Information provided:
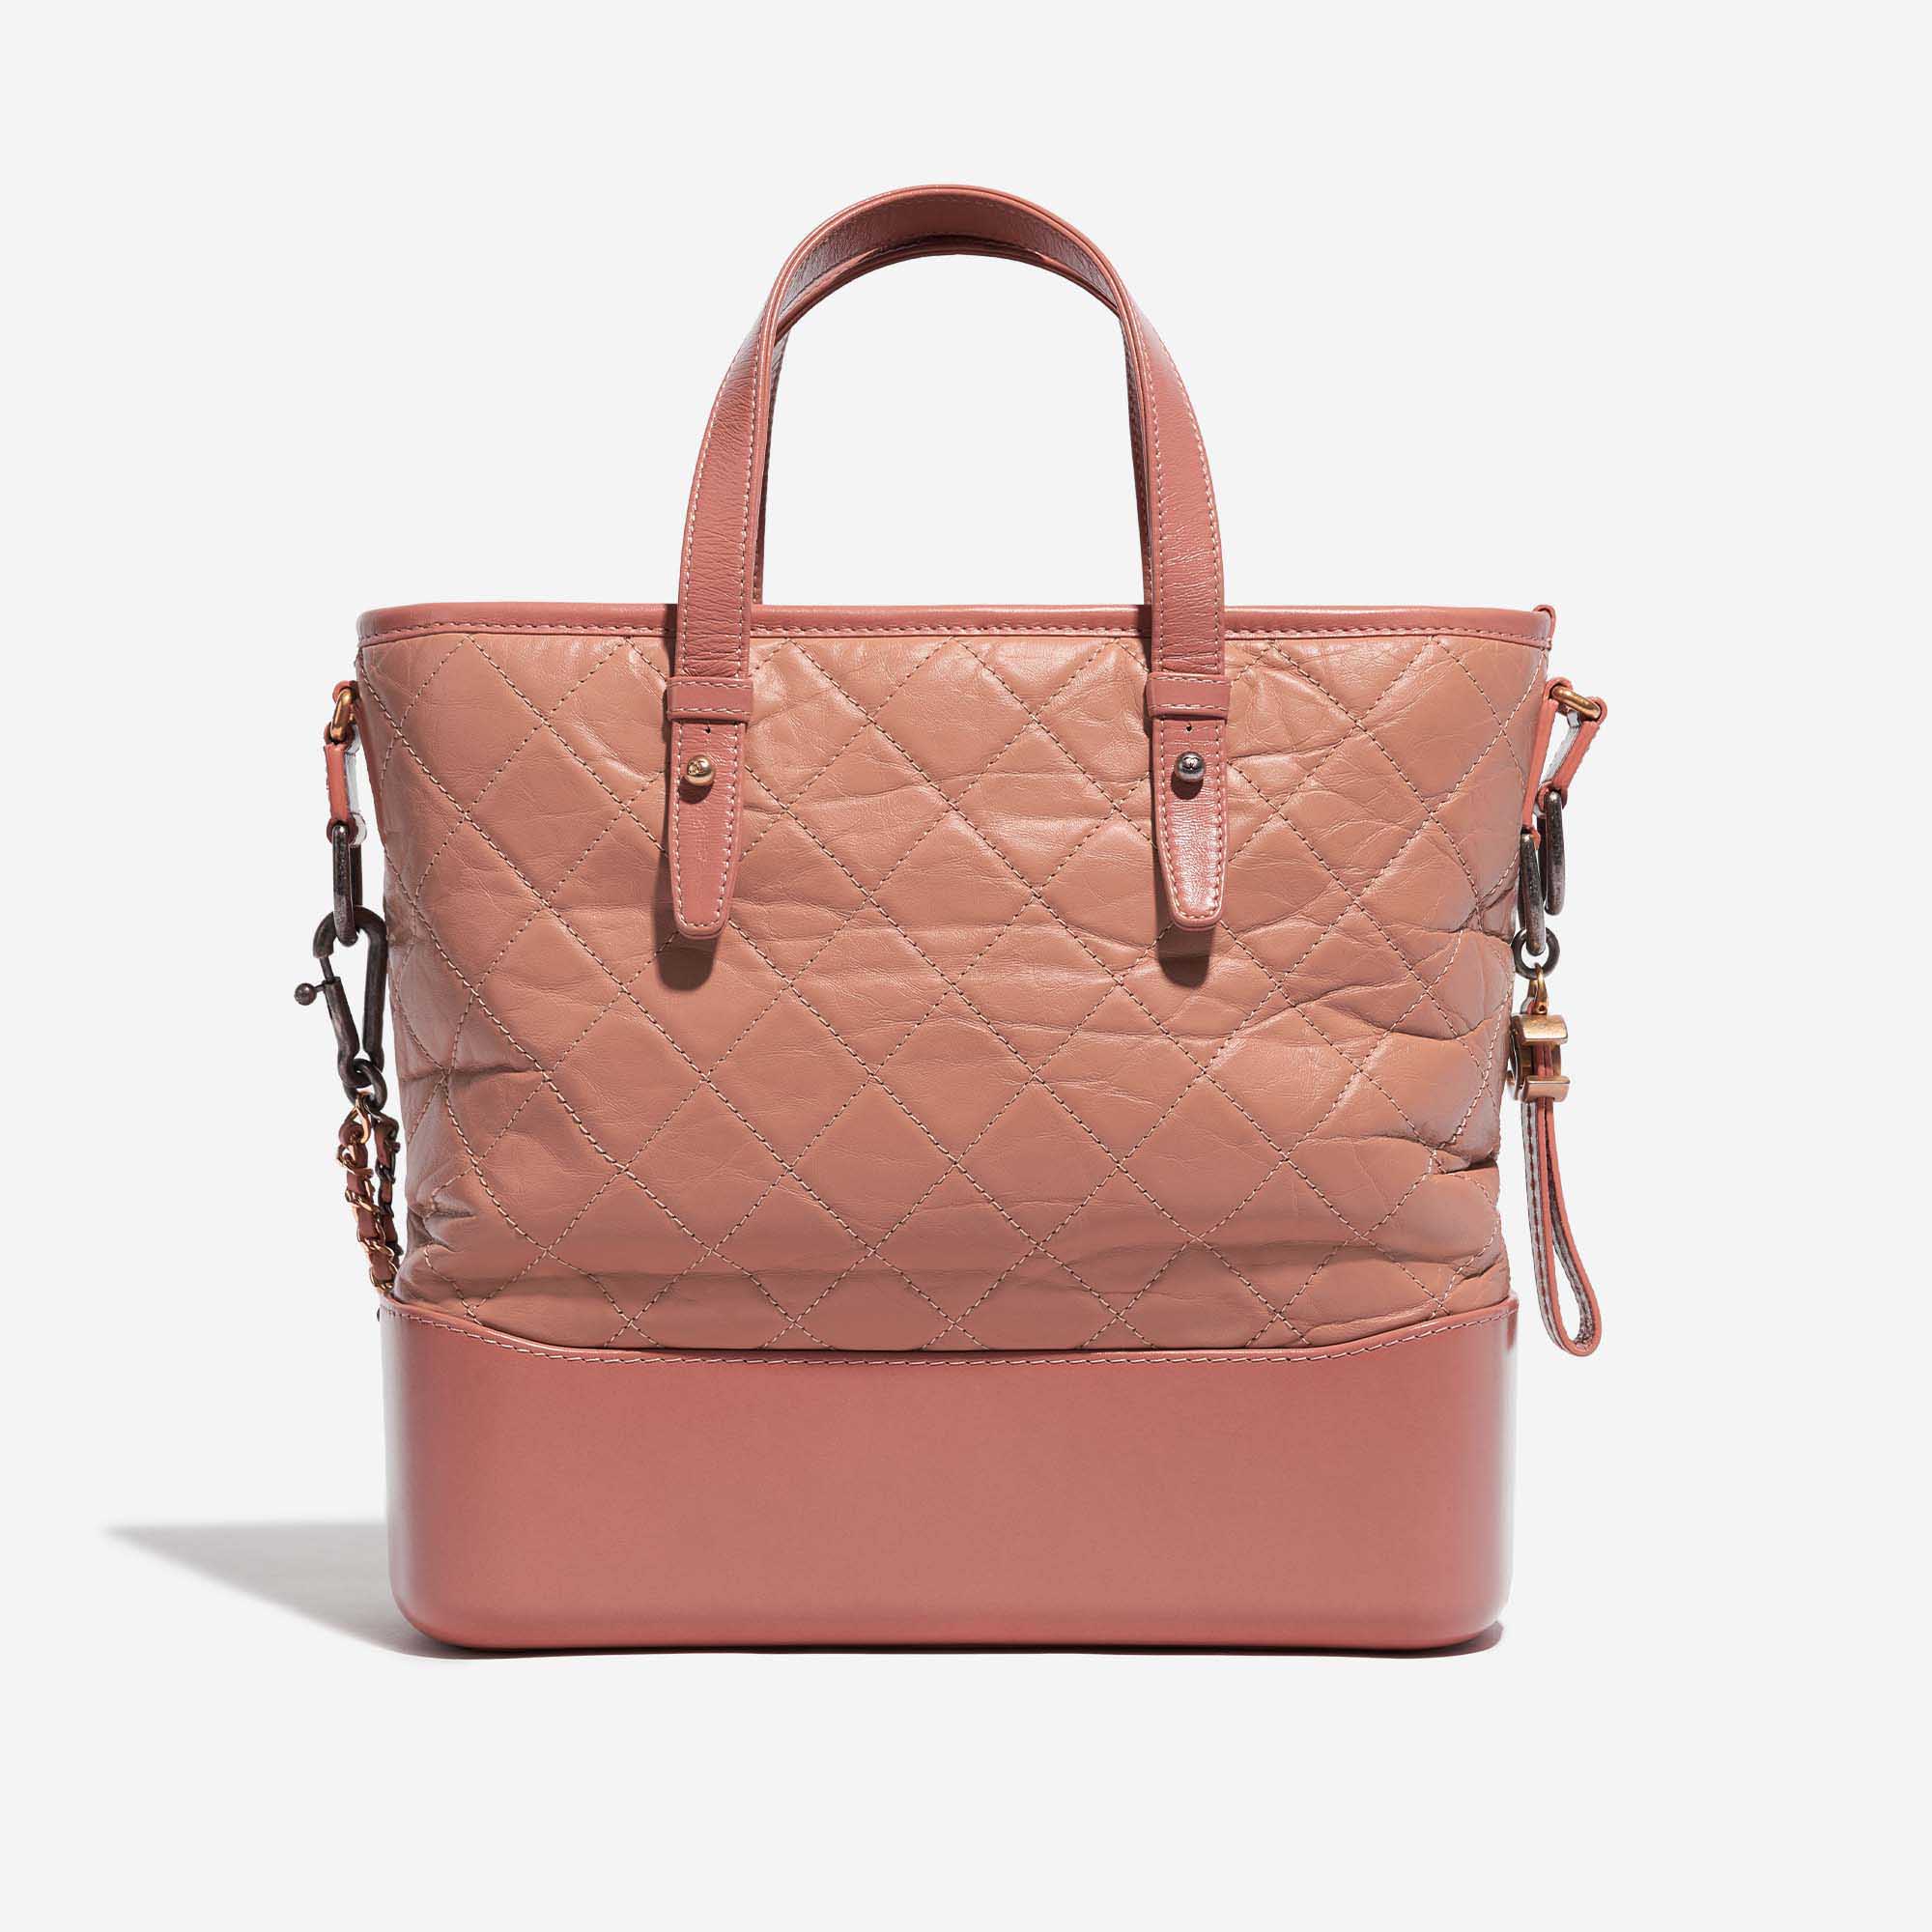 Pre-owned Chanel bag Gabrielle Handle Calf Beige / Dust Rose Beige, Rose Back | Sell your designer bag on Saclab.com
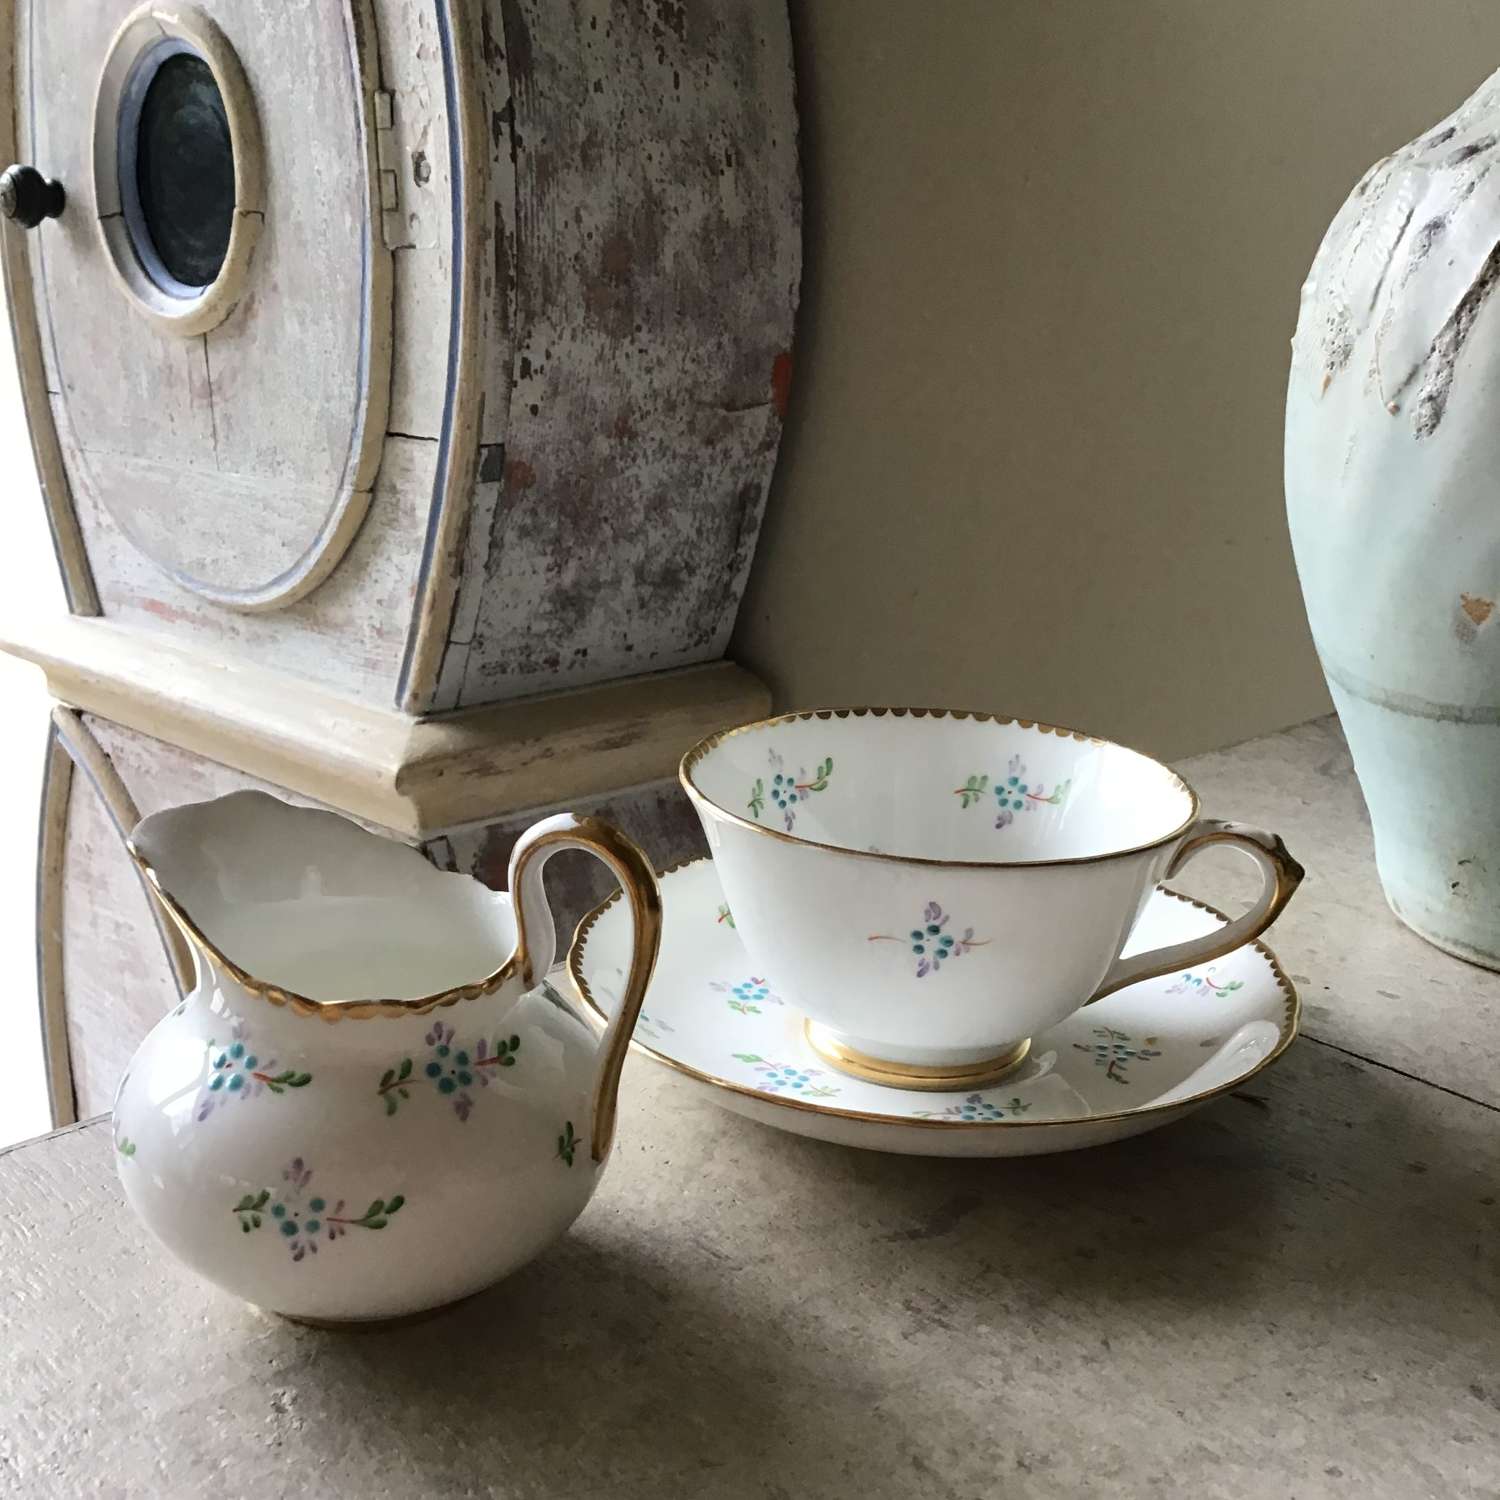 Vintage Tuscan bone china teacup, saucer and milk jug
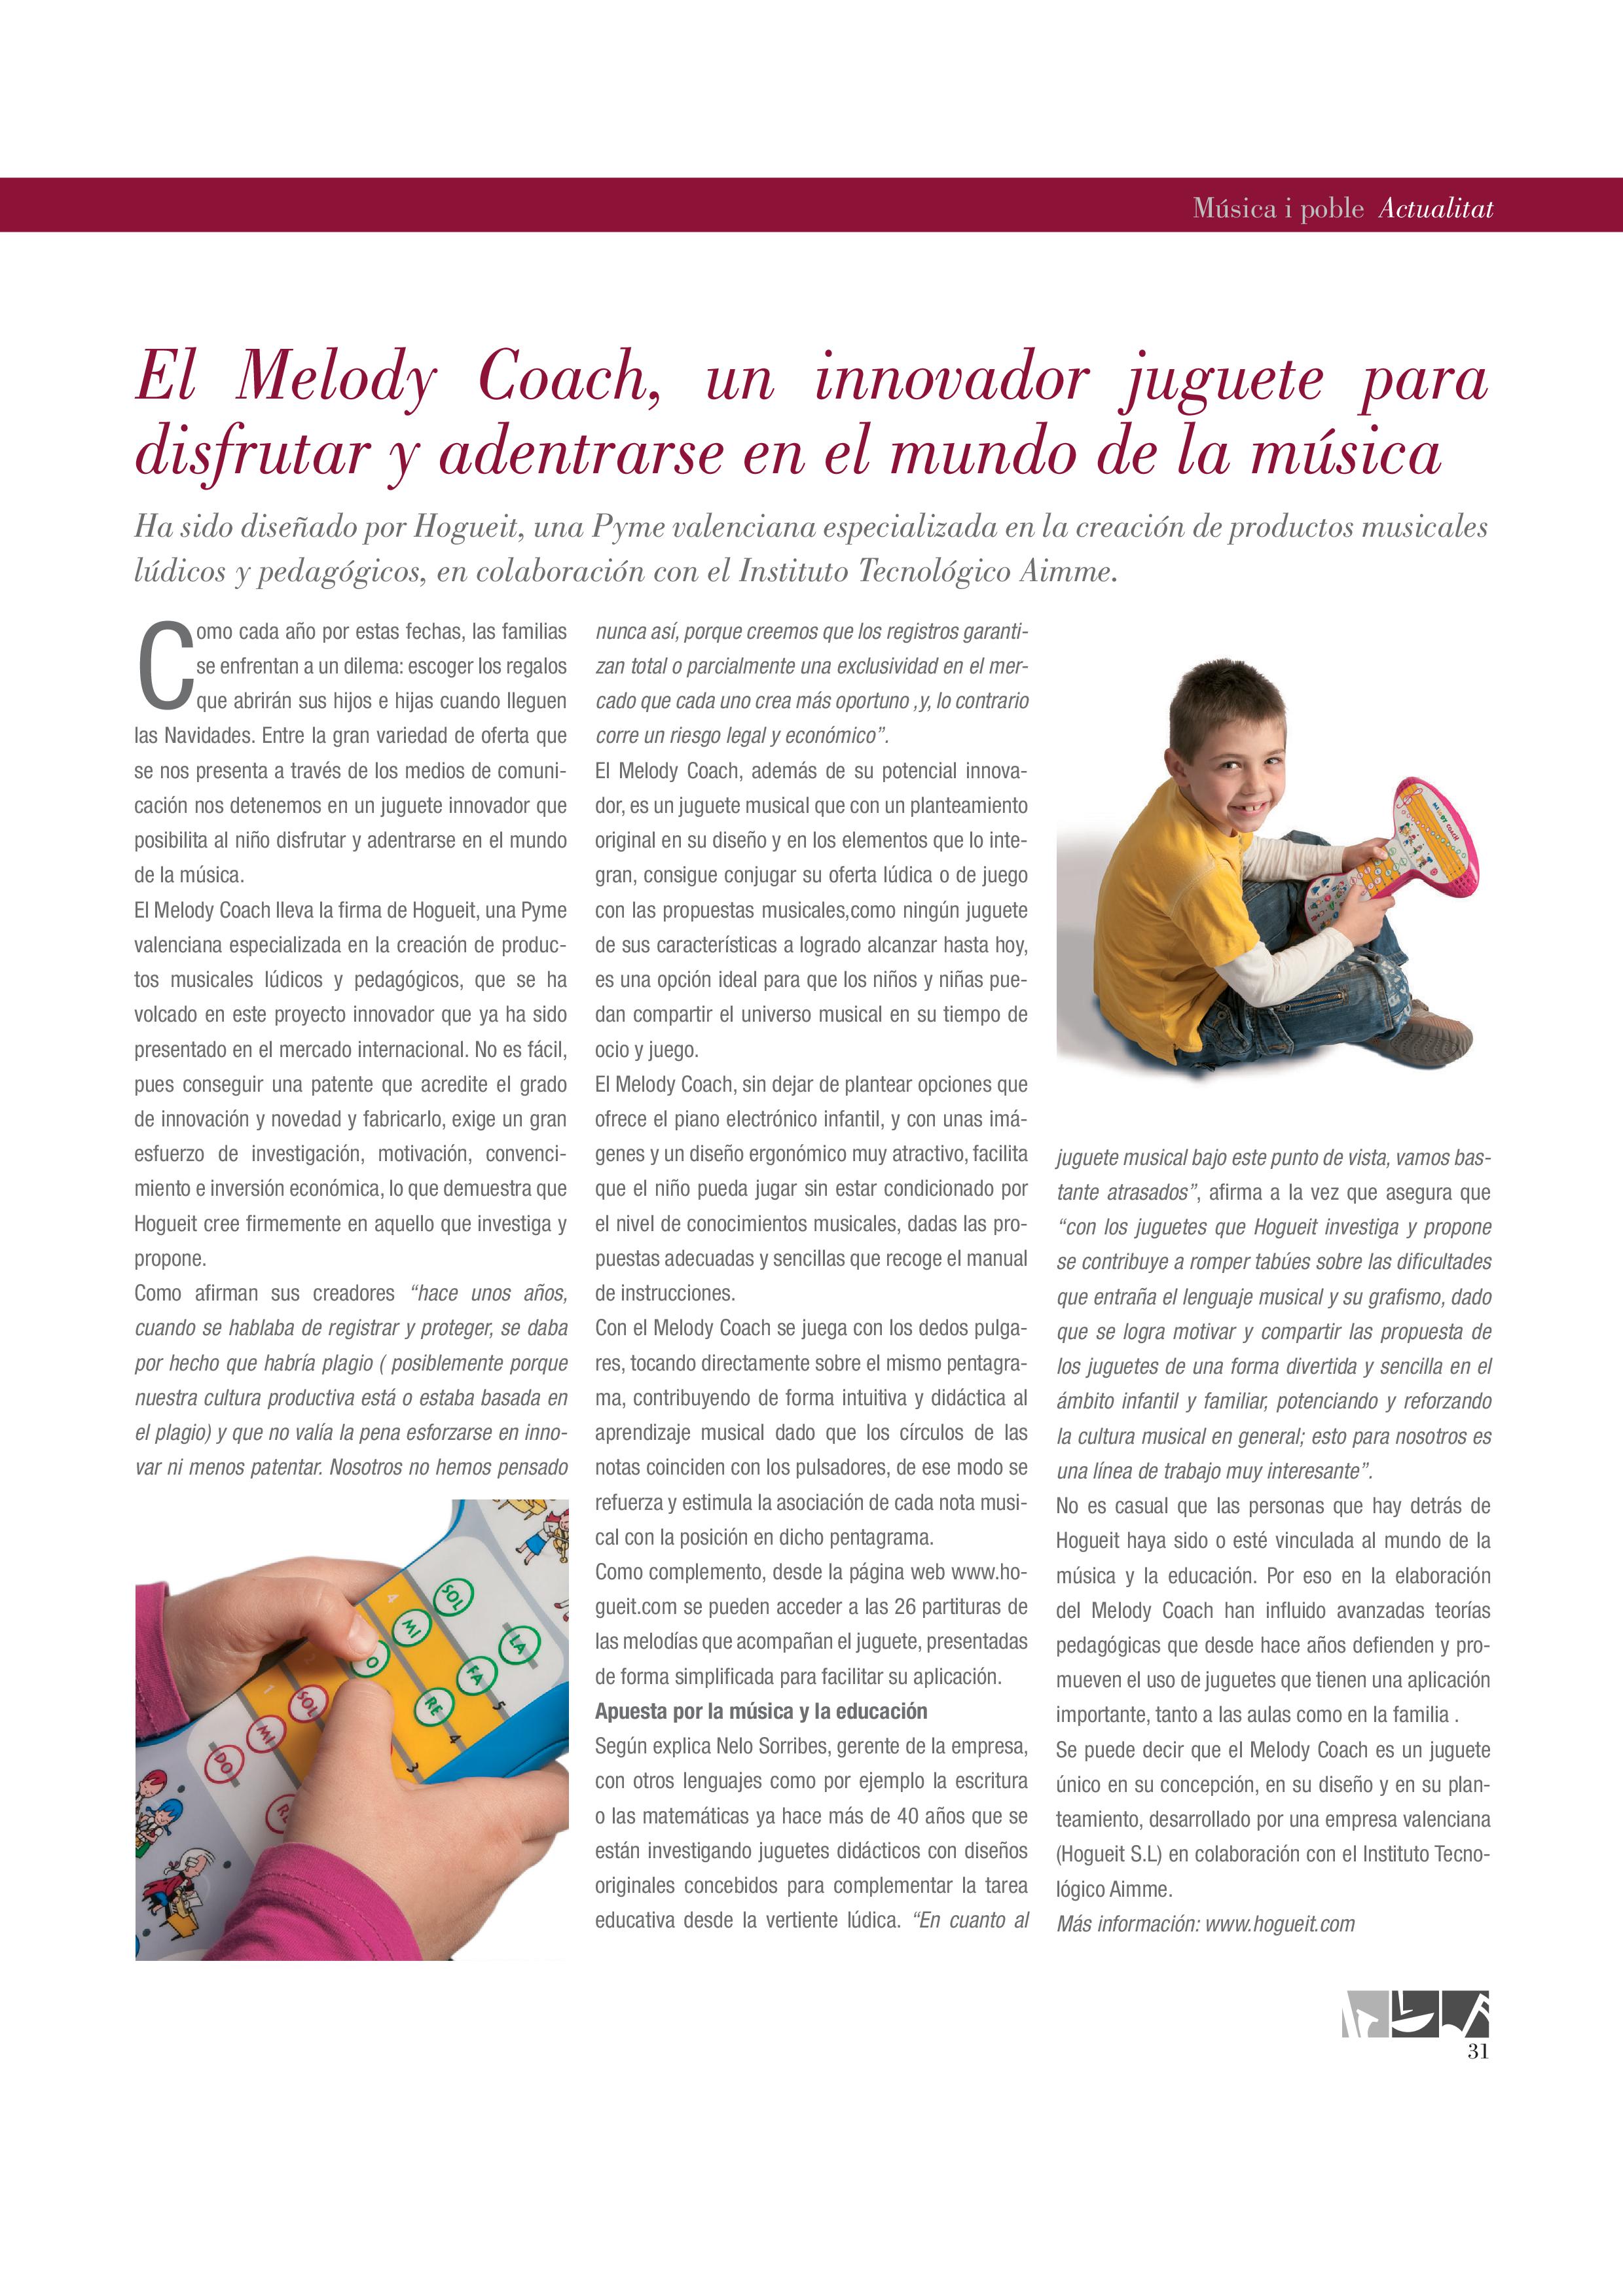 Melody Coach en la Revista MÚSICA I POBLE

What is expected: Leaving every picture out, write out exactly the lines from the one that holds "Vintage Tuscan bone" through the end of the listing, both included.

Solution to the problem:
 Vintage Tuscan bone china teacup, saucer and milk jug
 Melody Coach en la Revista MÚSICA I POBLE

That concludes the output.